The good ship SDVoE sets sail

Like two ships on a foggy sea, IT and AV have been aware of each other’s presence for many years. Their courses parallel but converging, they’ve always known that at some point they must meet. Brief messages are sent, the crews wave cheerily to one another, minor navigational corrections are made and collisions avoided. But neither sees the other clearly.

And the two ships are very different. The good ship AV is packed with people we know, old friends and comrades who we can rely on in a tight spot. The motor vessel IT on the other hand has a different crew, they think a little differently, solve problems in different ways – but they have powerful engines and the wind in their sails.

Setting a new course

Down in the engine rooms, and up on the bridge of both vessels, things are changing and a new course is being set. For it’s become clear to all in AV and IT that only collaboration can avoid collision and bring everyone safely home to port.

And so they have joined forces – an armada sailing together under the SDVoE flag. (Software Defined Video over Ethernet). Announced at ISE 2017, this non-profit consortium of fourteen companies has a shared mandate to standardise delivery of AV-over-IP networks. There are industry stalwarts on board; Christie is a founding member as are Sony and ZeeVee. So are the networking specialists Netgear and chipset experts Aquantia and AptoVision.

An end to messy, complicated and expensive

SDVoE recognises that professional AV systems now make demands that exceed the performance, scalability and budgets of standard approaches – and that building an environment where uncompressed AV signals seamlessly transmit over IP is often messy, complicated and expensive. That limits the potential scale, scope and user-experience of what’s possible – and nobody wants that. What everyone does want is a robust standardised platform and the affordable IP network delivery and processing of uncompressed, zero-frame latency, artefact-free 4K@60Hz video content – and that’s what SDVoE aims to do.

Meanwhile, in the engine room

So that’s what’s happening up on the bridge. The Captains and the Navigators have set their course, but what’s happening down in the engine rooms – where the real work will have to be done?

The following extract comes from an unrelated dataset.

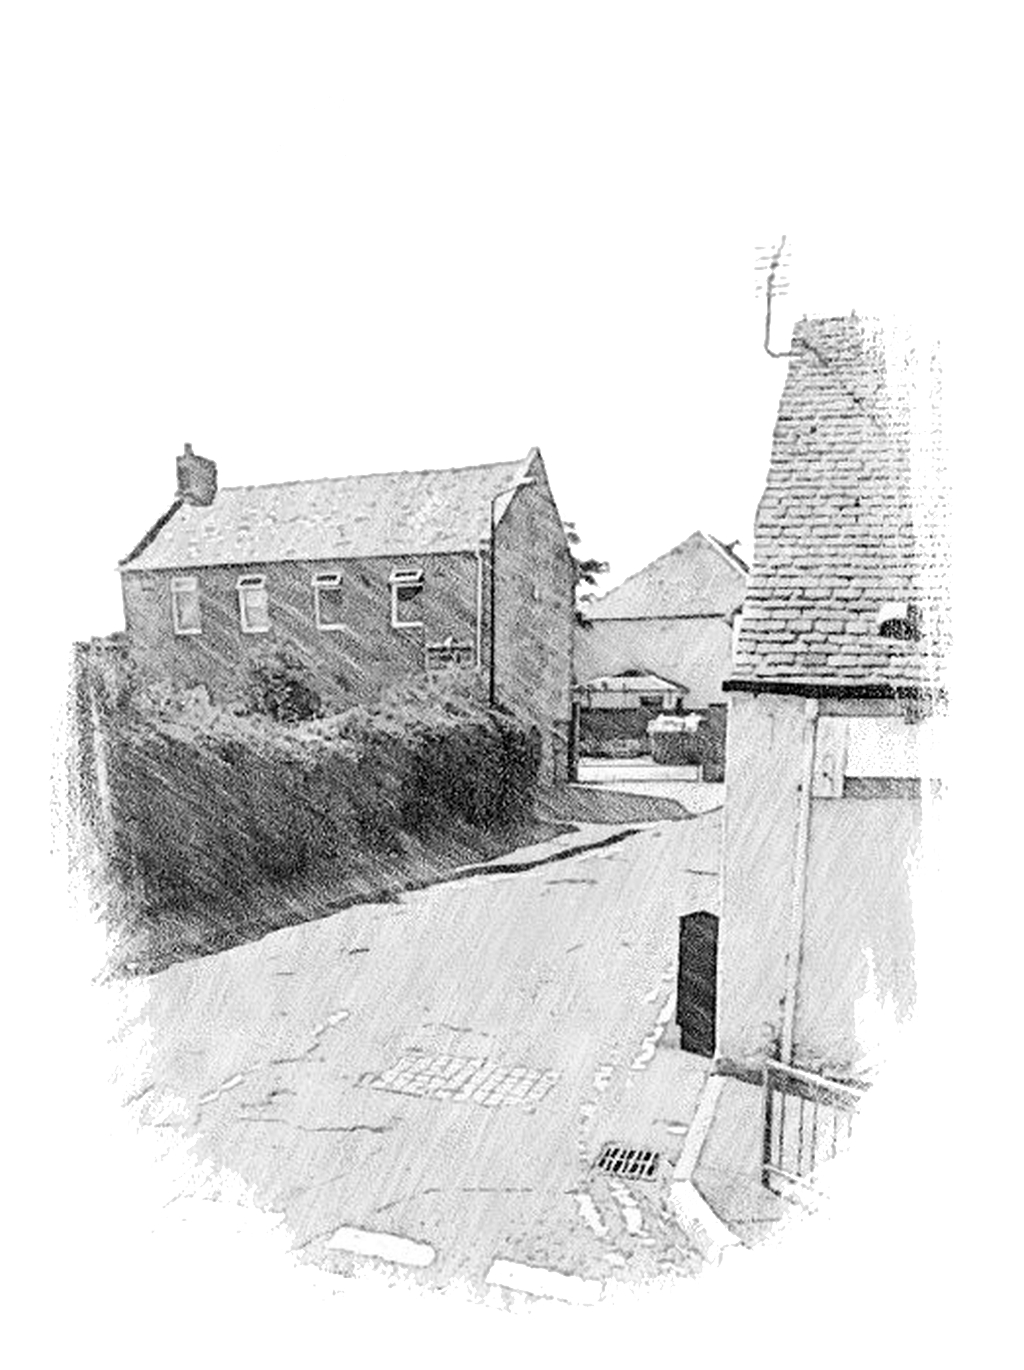 Park Road - Composed by John C Grant (https://johncgrant.com). Traditional composer from Kilmarnock, Ayrshire, Scotland.

Well quite a lot actually…

Christie® Terra

Christie have just announced Christie® Terra. Terra allows the transport, processing and control of content over 10G Ethernet networks and is built on that standardised SDVoE technology. It can deliver uncompressed, zero-frame latency, artefact-free 4K@60Hz video over 10G Ethernet. It comes in three parts, a transmitter, a controller and a receiver.

The Transmitter processes the audiovisual sources and control signals and accepts multiple content and control connections that include HDMI 2.0, USB, HDCP 2.2, DisplayPort 1.2, serial RS-232, and EDID. It needs no additional devices to process signals.

The Receiver then relays that uncompressed audiovisual data and control to displays and other devices. There’s full-signal management and processing, magnification, downscaling, KVM, PiP, image compositing and multi-viewer applications. All you need for high quality, onscreen experiences on both large format and standard displays and all over IP.

Then there’s the Christie Terra Controller. This gives complete, secure operational control and management of SDVoE systems using a web-based programming interface, that’s easy to learn and use.

Plain sailing?

And other members of the SDVoE Alliance have been just as busy – so don’t be surprised by a slew of new product announcements from them in the coming months.

This means is that AV’s cargo of transmitters, receivers and controllers, and IT’s consignment of 10G Ethernet switches will soon replace everything. All those matrix switches, those cables of different flavours, those encoders, transcoders and decoders, processors and extenders. Everything that previously impeded easy navigation will become so much flotsam and jetsam.

Indeed, it seems that the mists are at last clearing and that the long-promised convergence of IT and AV now has a clear course. The navigational charts are no longer marked ‘Beware – Here Be Monsters’.